(Directions):
What you give must be the lines from the one containing "Greek wedding dancing" through the last line of the listing below, exactly, with nothing else and no pictures.

(Raw data):
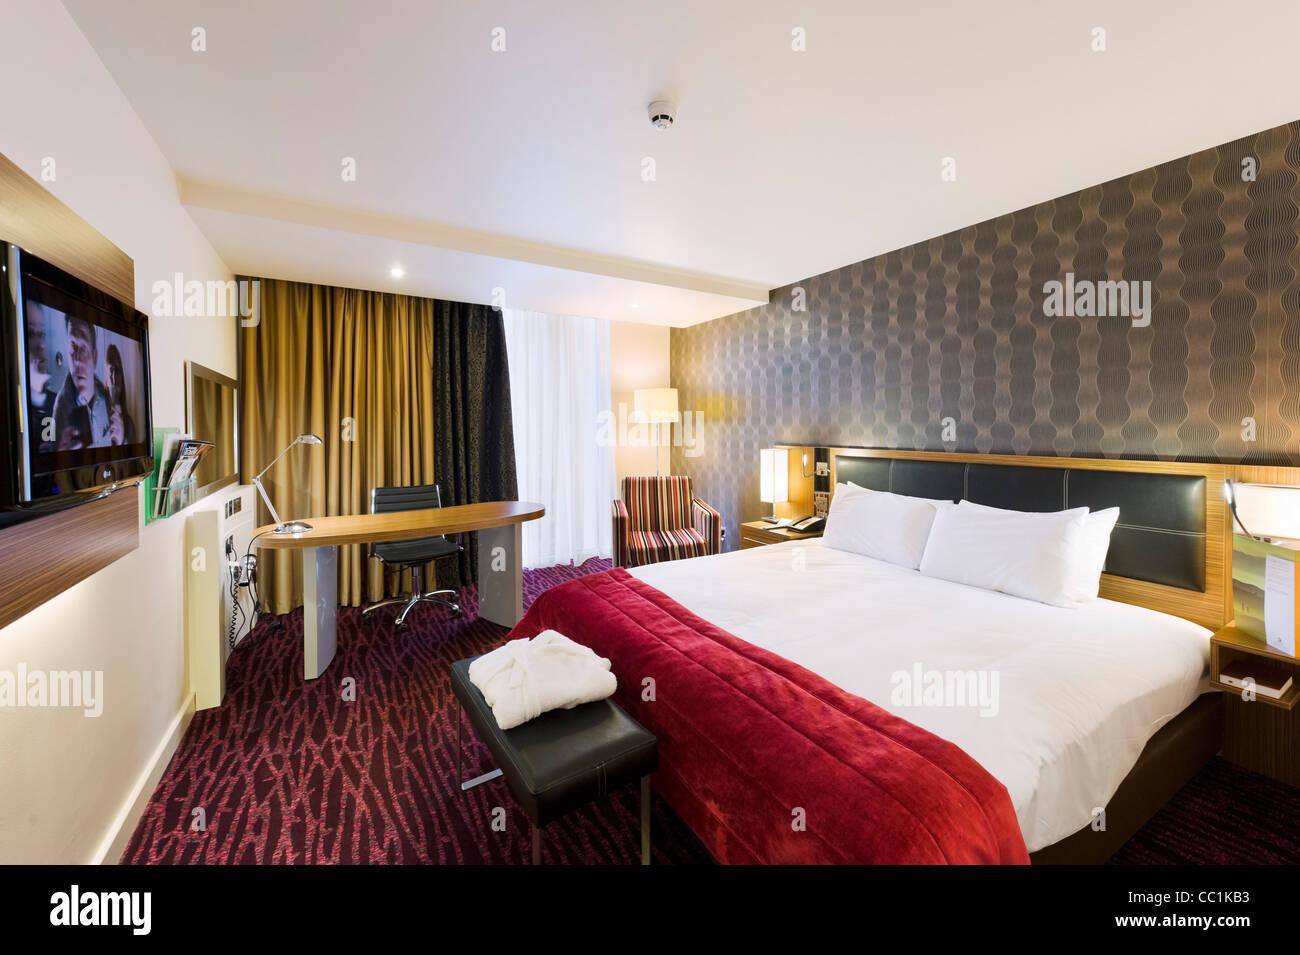 Executive-Zimmer im Holiday Inn, Medienstadt, Salford Quays, Manchester, UK Stockbild
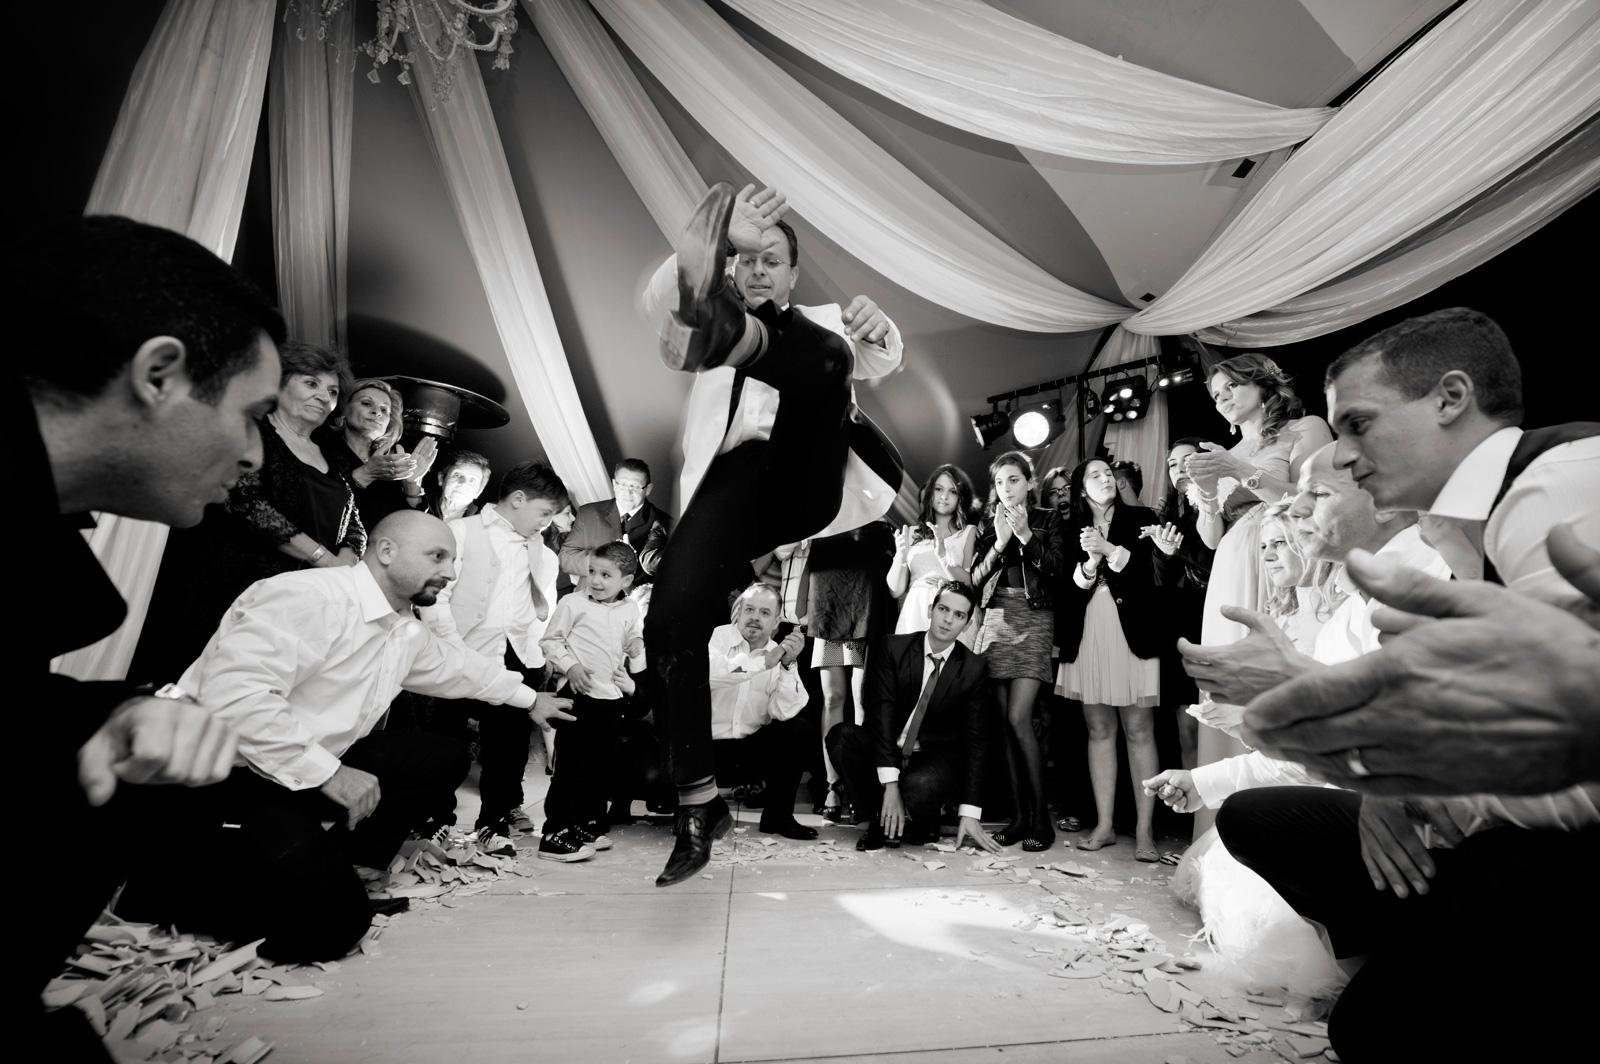 Greek wedding dancing
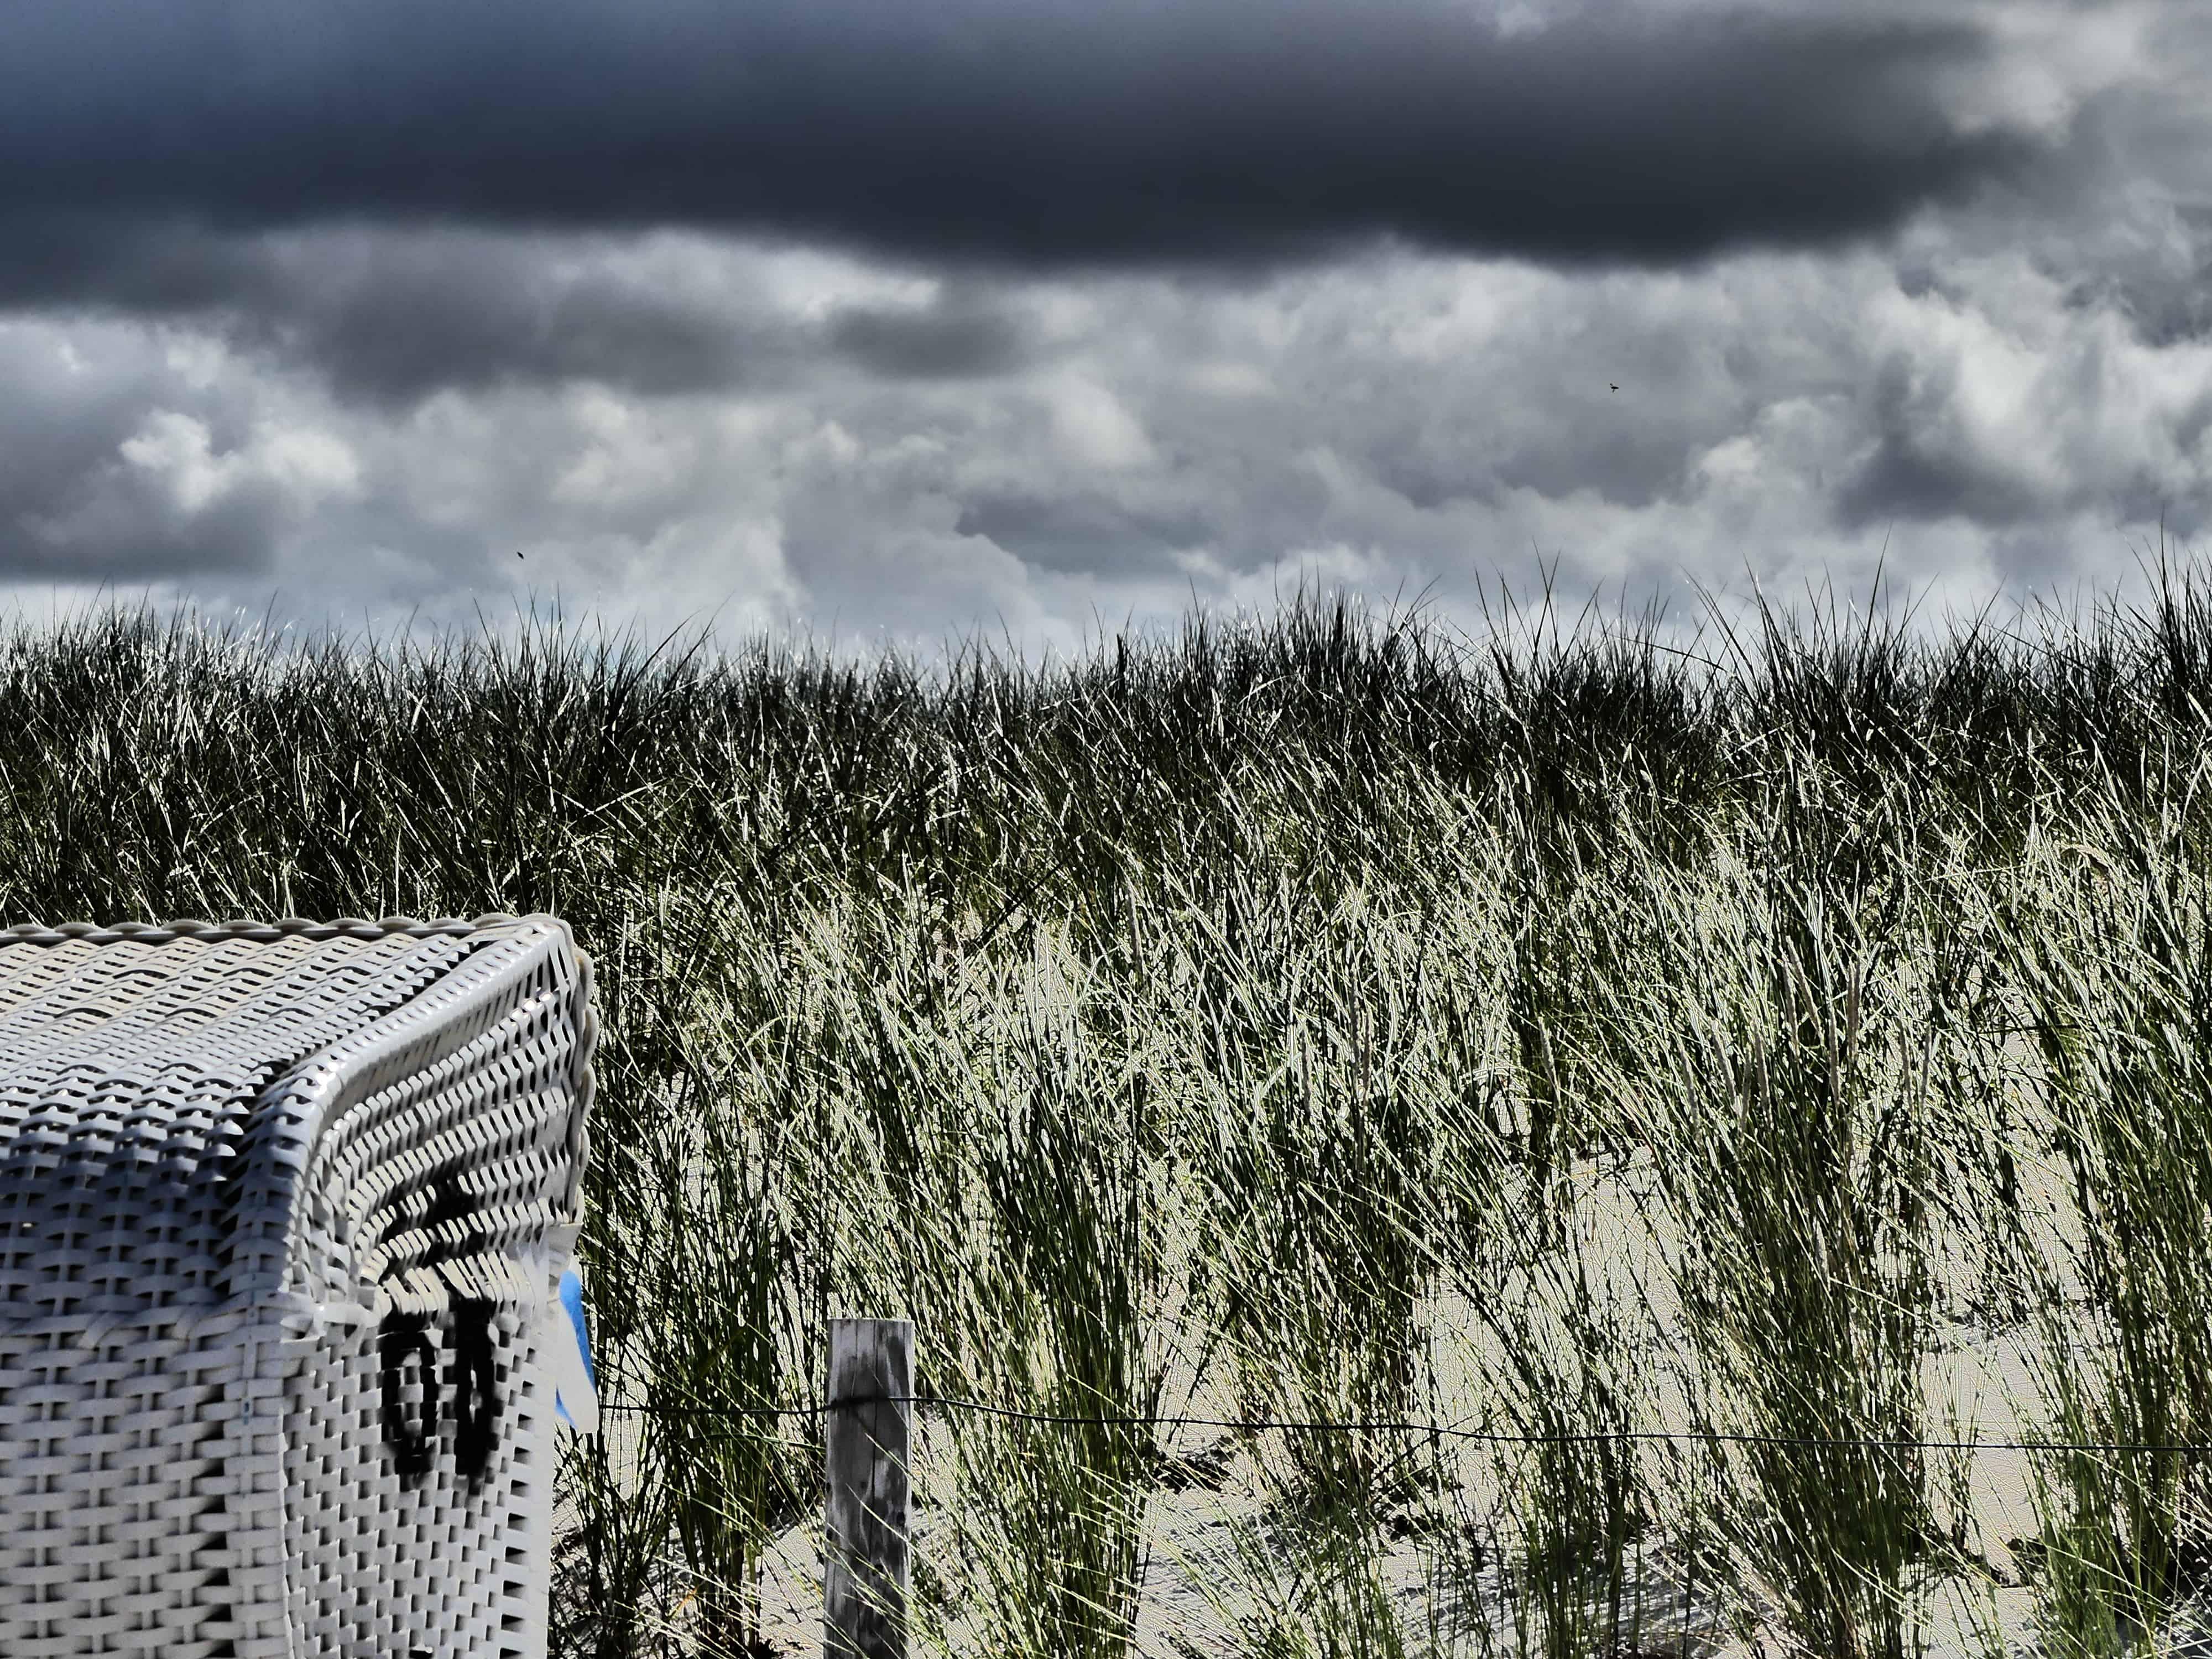 Ostseebad Rerik Bilder - Strandkorb und Düne

(Output below):
 Greek wedding dancing
 Ostseebad Rerik Bilder - Strandkorb und Düne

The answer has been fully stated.